Are Background Checks Legal in Denmark

Again, such a review can only be conducted if the employee`s financial situation is relevant to the position he or she will occupy in the organization. In Danish practice, a credit check and full disclosure of their financial situation are only required for persons who have access to and manage the company`s funds. It is also important to know what kind of Danish employees you need to hire. The country classifies employees into three groups – senior managers, white-collar and blue-collar workers. The recruitment process and legal framework may vary depending on the type of employment relationship. Social security numbers are not special categories of data within the meaning of the GDPR, which means that this information is subject to the general processing rule set out in Article 6 of the GDPR. However, in the opinion of the DPA, the processing of social security numbers requires a special legal basis in accordance with Article 11 of the GDPR or Article 9 of the GDPR (for example, the consent of the data subject or that the processing activity is required by law).5 Danish entrepreneurs can carry out a thorough background check of potential employees, but you must have the consent of the applicant and all applications must be relevant to the position in question. According to the EU General Data Protection Regulation (Regulation (EU) No. 2016/679) (GDPR) and the Law on Additional Provisions to the GDPR, employers are limited in the use of personal data in certain situations. Personal data includes data about employees and candidates. Employers are therefore only allowed to conduct background checks on candidates to a certain extent, either themselves or through third parties. The parties may choose to enter into a separation agreement setting out the rights and obligations arising from the termination. No special formalities are required.

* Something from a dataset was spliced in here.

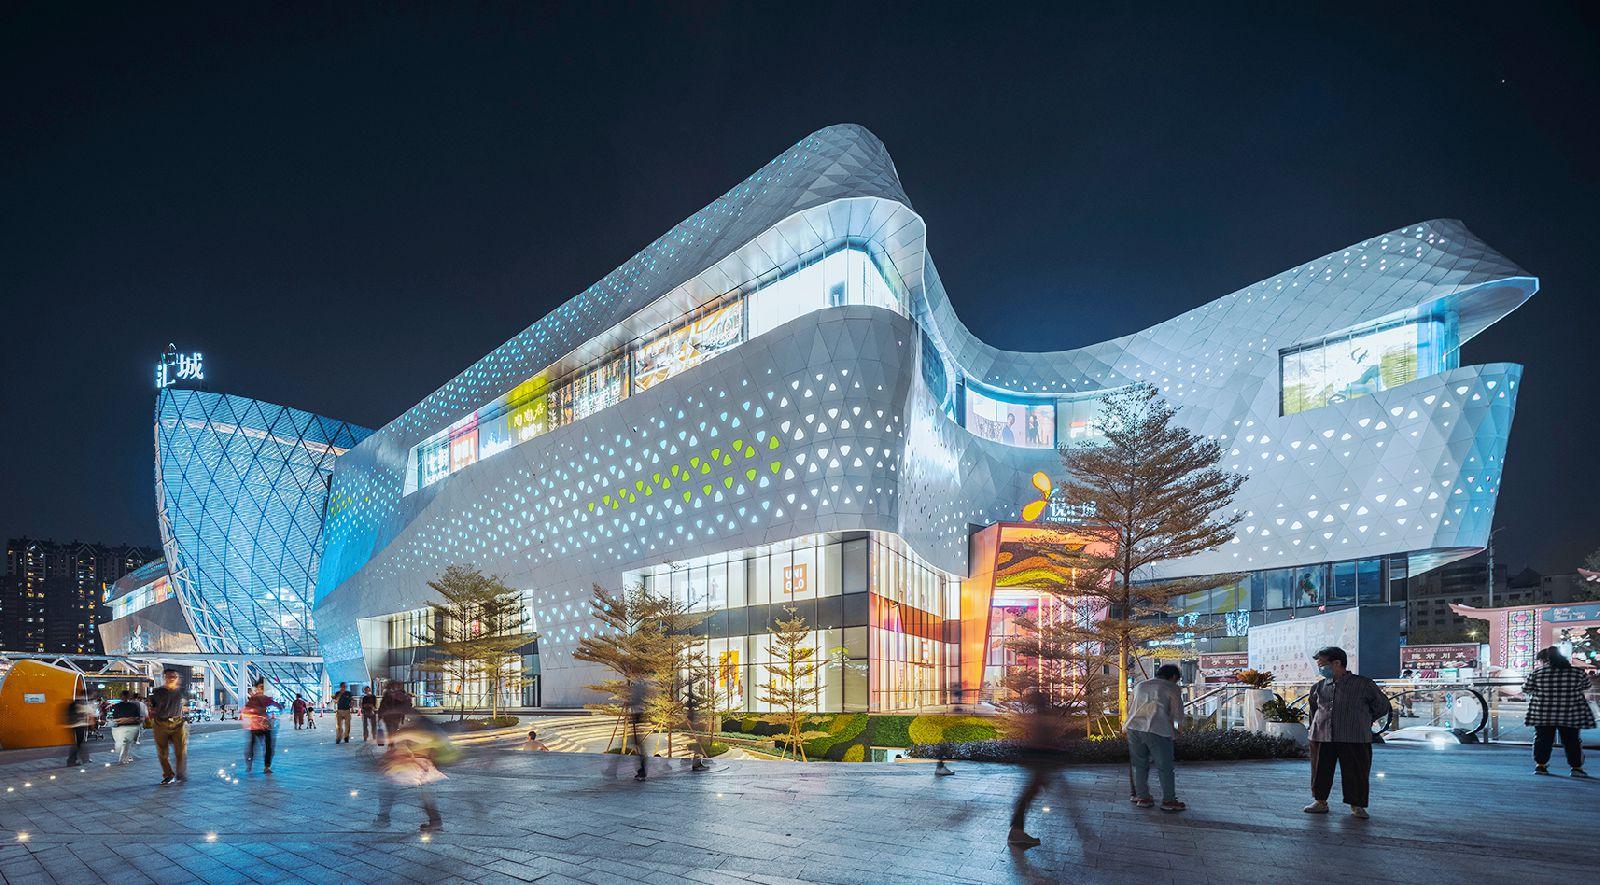 Yue City

This approach is mainly adopted by companies to mitigate specific legal risks, for corporate policy reasons or both. Hiring employees in Denmark is simple and flexible with few legal requirements regarding contracts, layoffs and holidays. They can set working conditions with labour market actors instead of basing them on legal regulations. However, collective agreements (CBAs) are a huge part of Danish labour law, so working with workers covered by an ACA is common. As a member of the European Union, Denmark takes immigration status very seriously. Employers are required to check whether a foreigner has the right to work in the country. Otherwise, an illegal immigrant will be punished with heavy fines. Citizens of a number of non-EU and EEA countries, such as the US and uk (as of 1 January 2021), do not need to obtain a visa to enter Denmark, but all non-EU and non-EEA or Swiss citizens must have a work permit to work in Denmark. However, in some cases, certain limited work-related activities may be carried out during legal residence in Denmark. UK citizens working in Denmark before 1 January 2021 will be allowed to reside in Denmark without a work permit beyond 31 December 2020, provided that certain conditions of the EU-UK Withdrawal Agreement are set.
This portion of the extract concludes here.